Assigned task: Copy out the data word for word. The images are not part of the copy.

Data:
....................
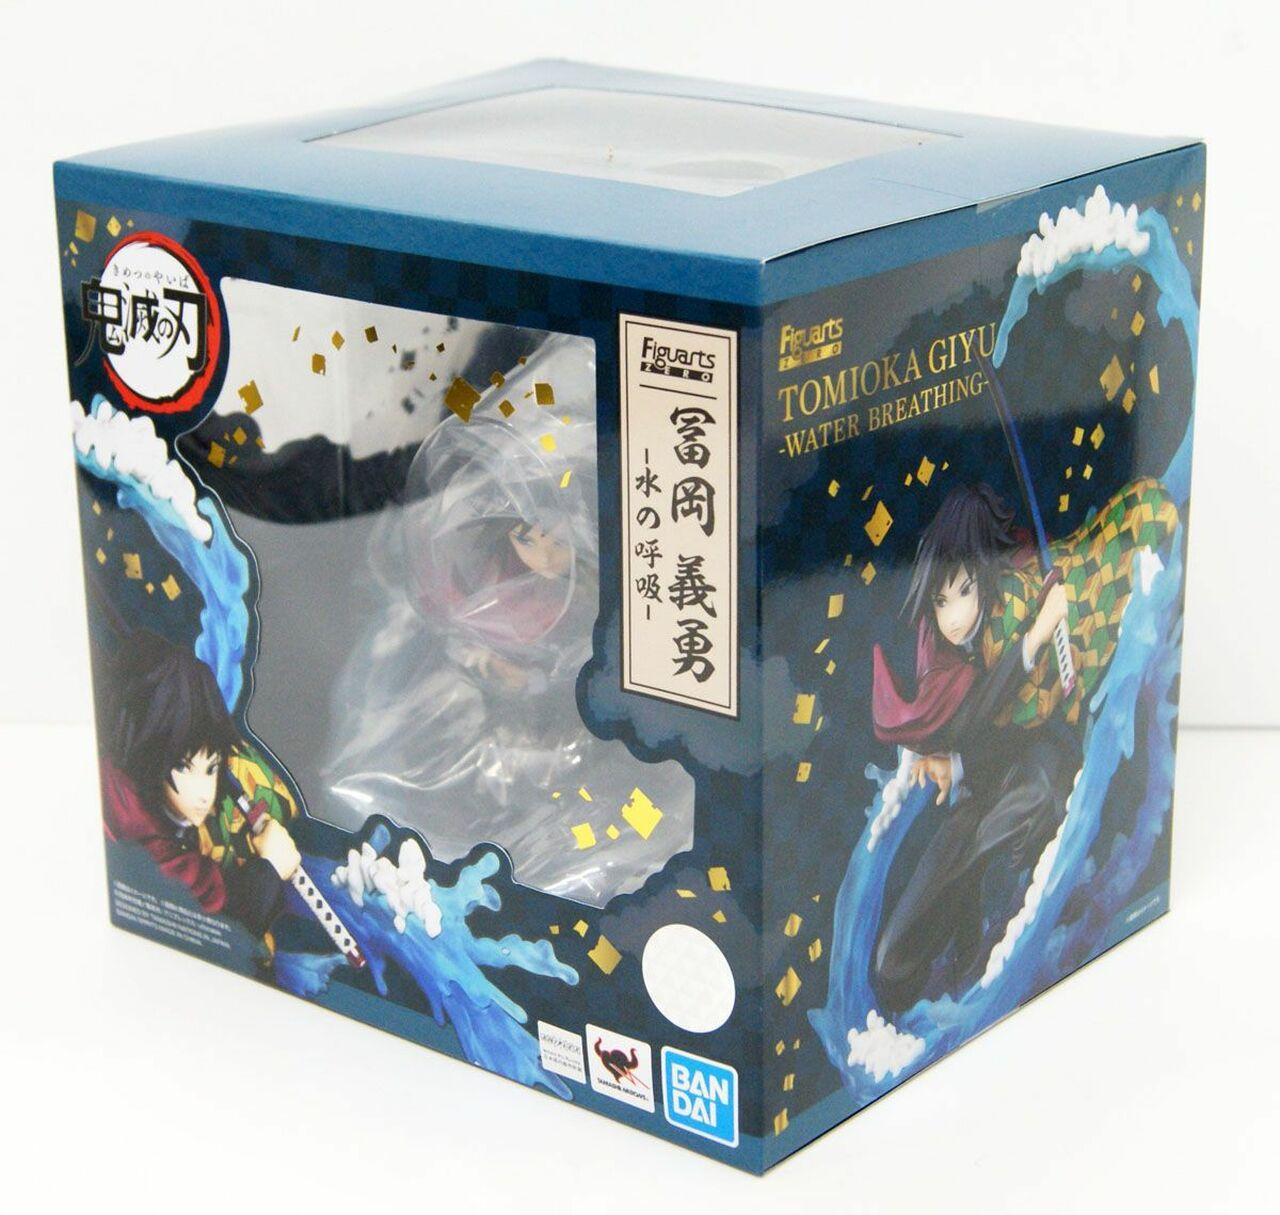 "Bandai Spirits Figuarts Zero Tomioka Giyu -Water Breathing ""Demon Slayer"""
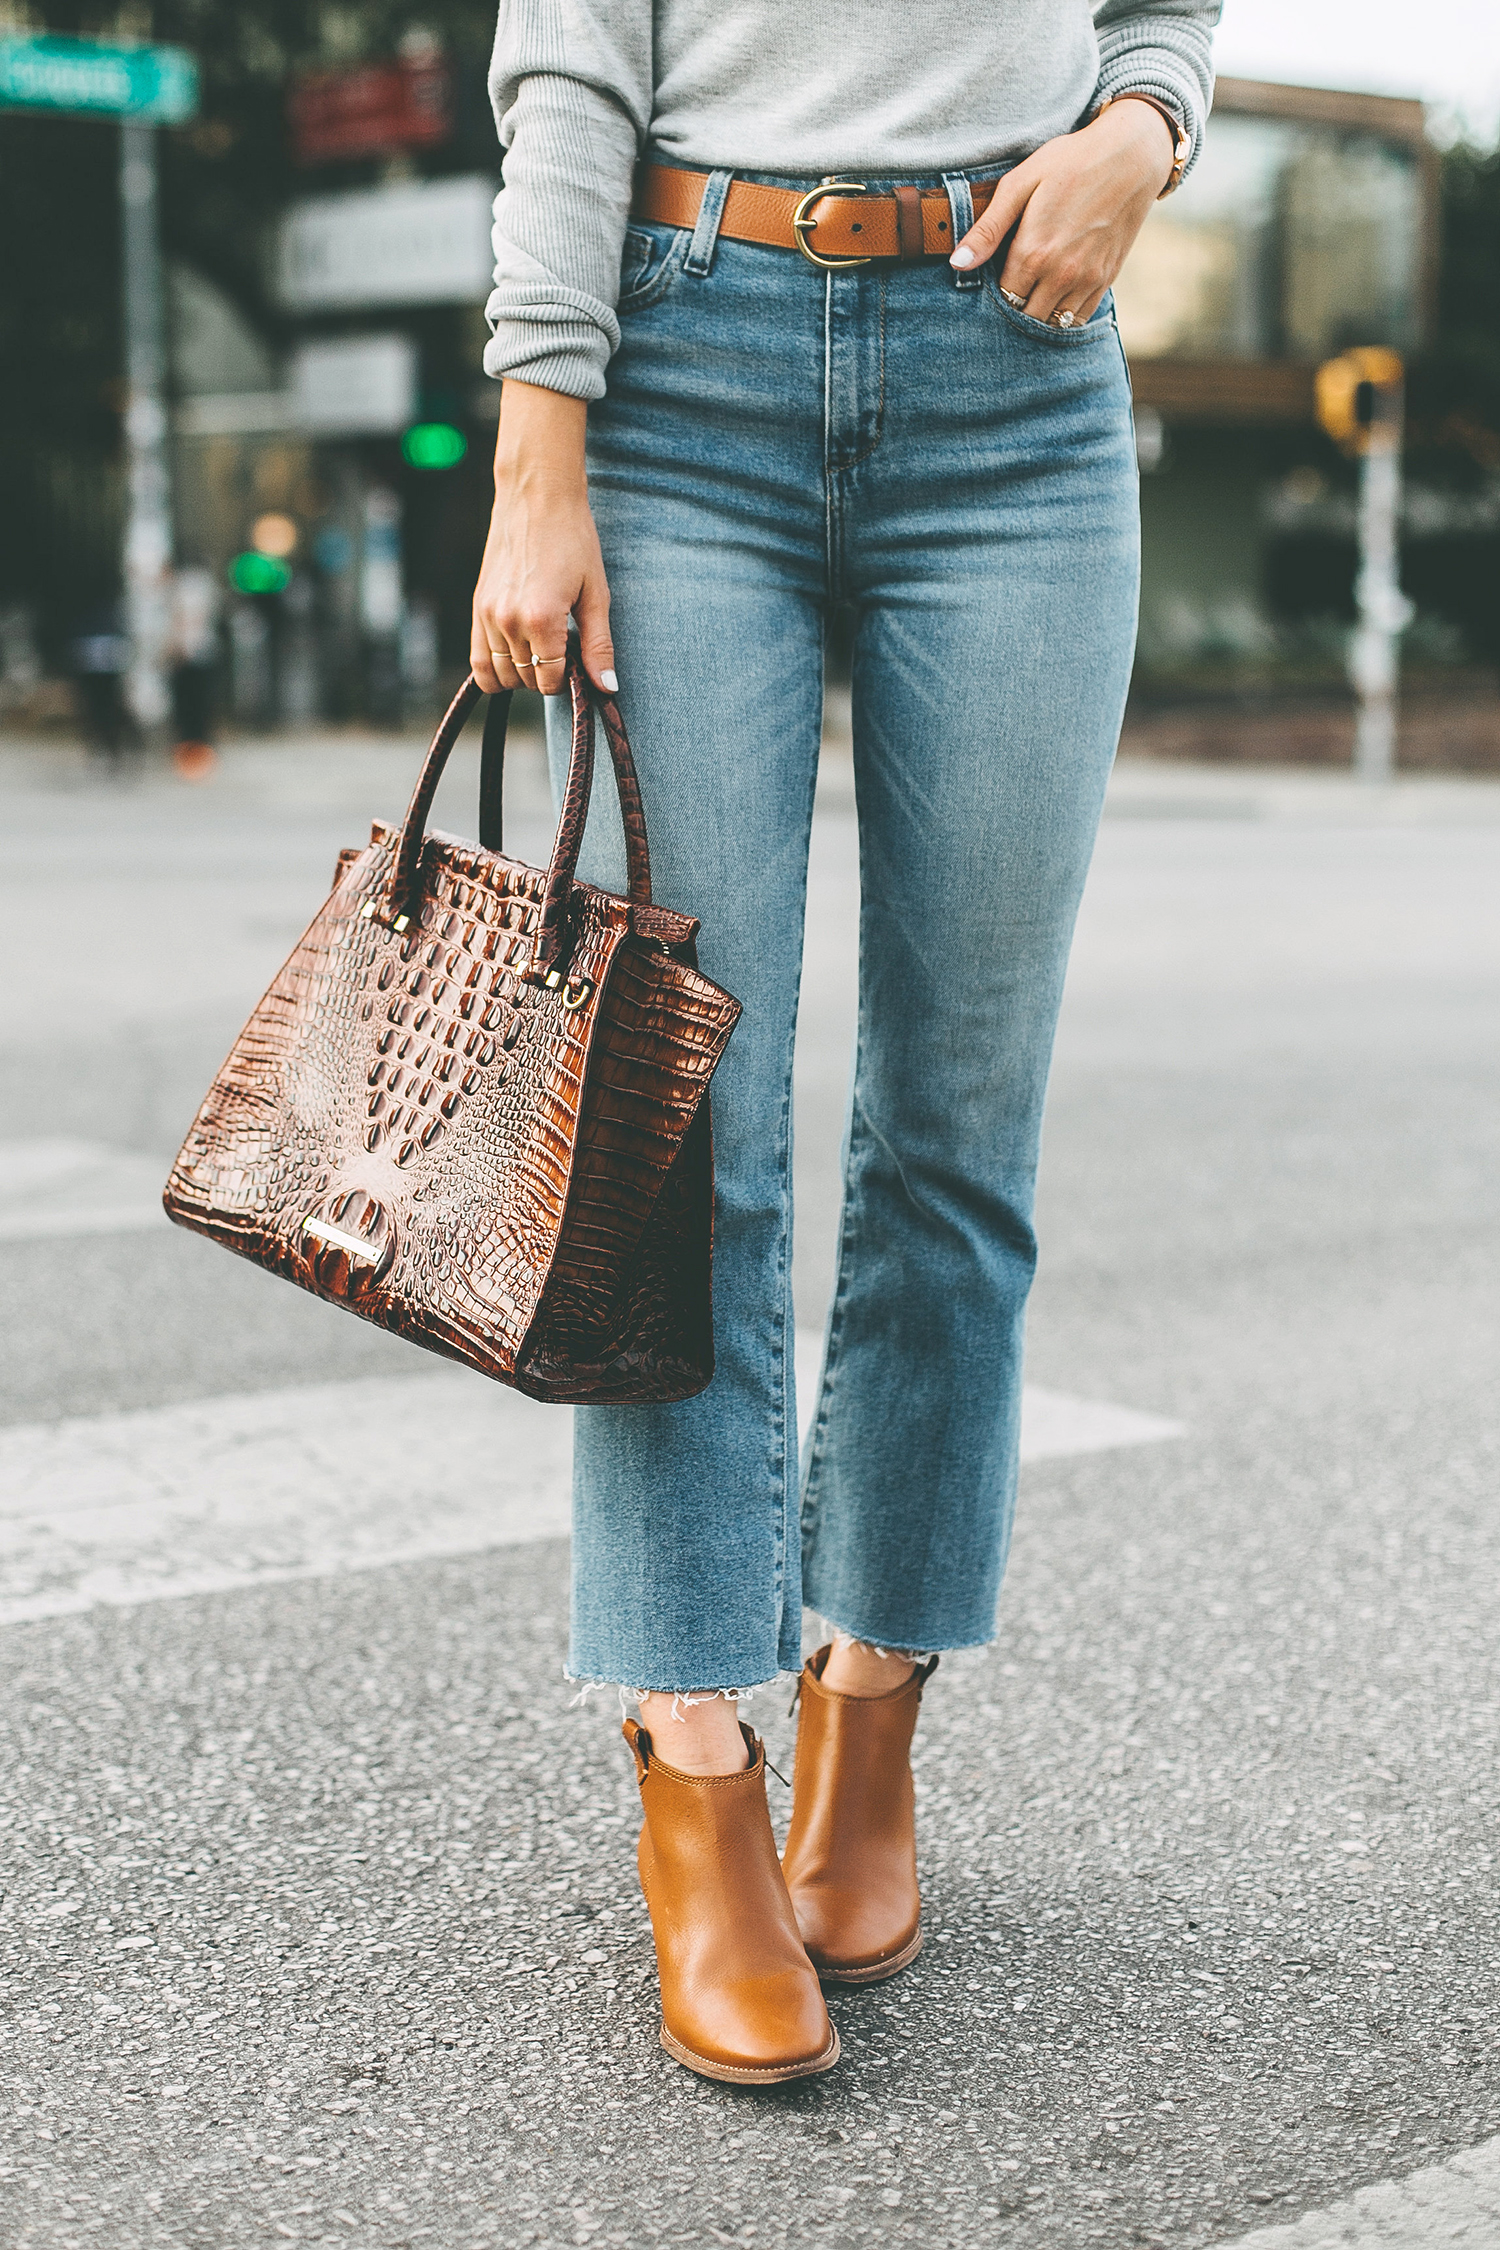 livvyland-blog-olivia-watson-south-congress-avenue-austin-texas-fashion-life-style-blogger-bdg-high-waist-crop-flare-jeans-4
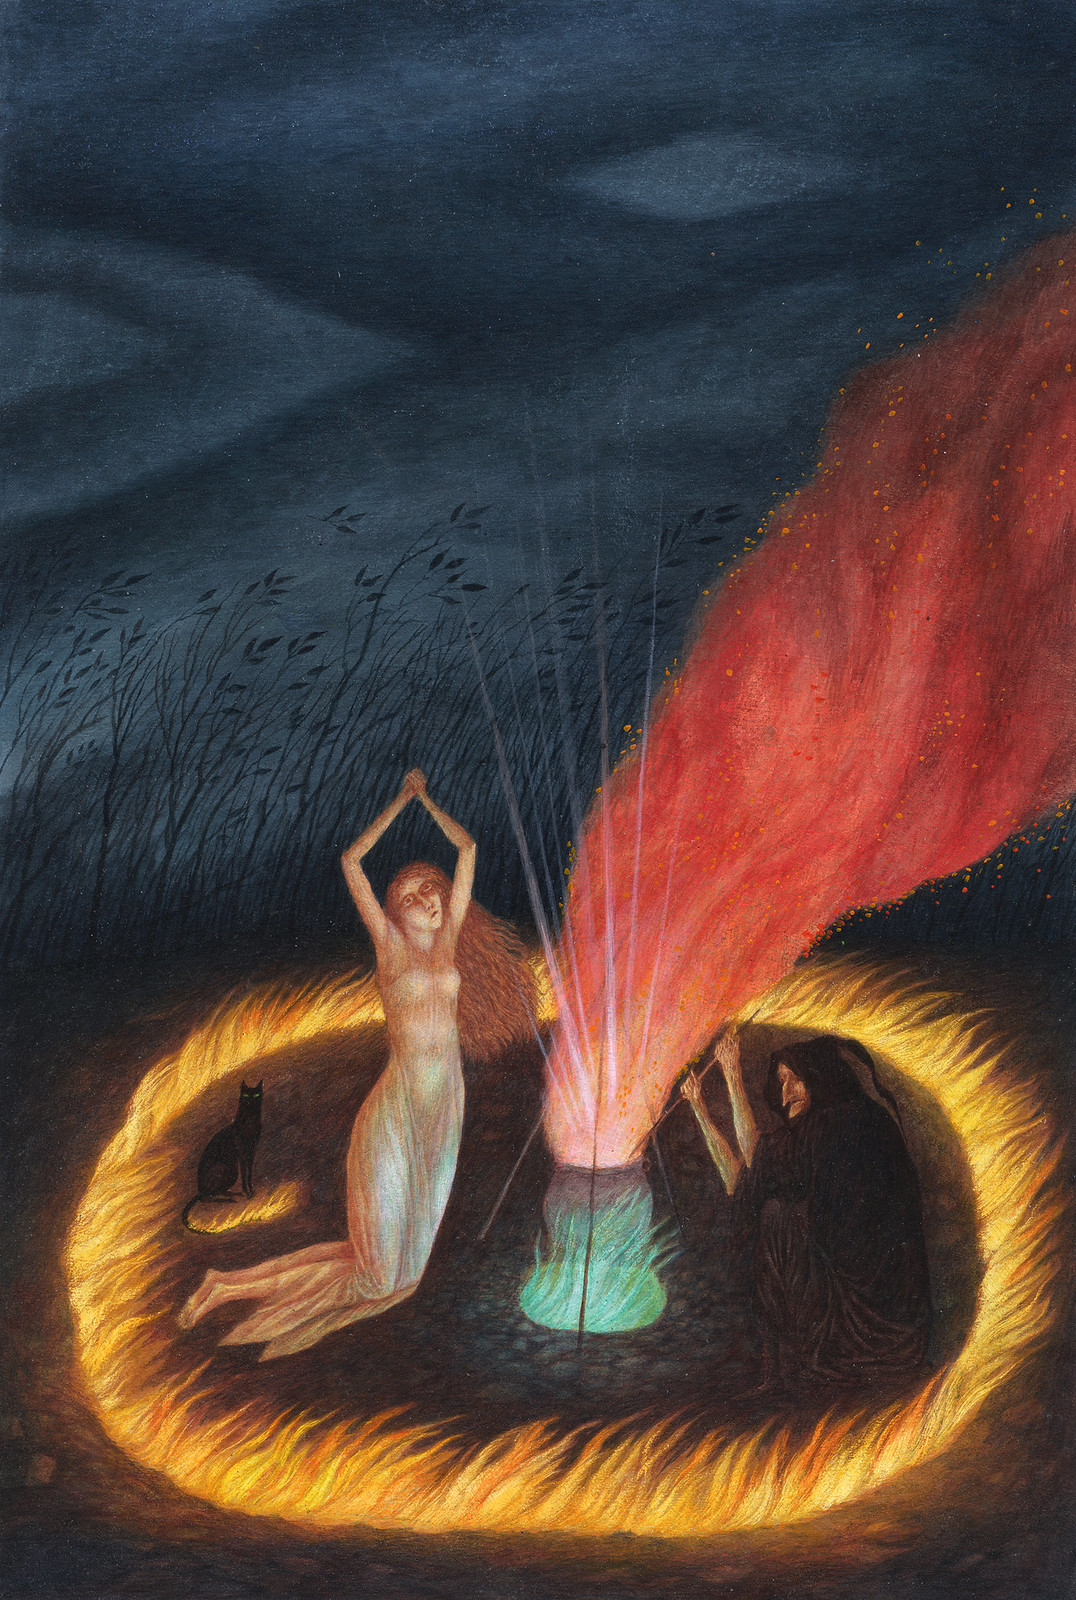 Jindra Capek - The Golden Pot, Illustration 1
....................
Solution to this task:
 "Bandai Spirits Figuarts Zero Tomioka Giyu -Water Breathing ""Demon Slayer"""
 livvyland-blog-olivia-watson-south-congress-avenue-austin-texas-fashion-life-style-blogger-bdg-high-waist-crop-flare-jeans-4
 Jindra Capek - The Golden Pot, Illustration 1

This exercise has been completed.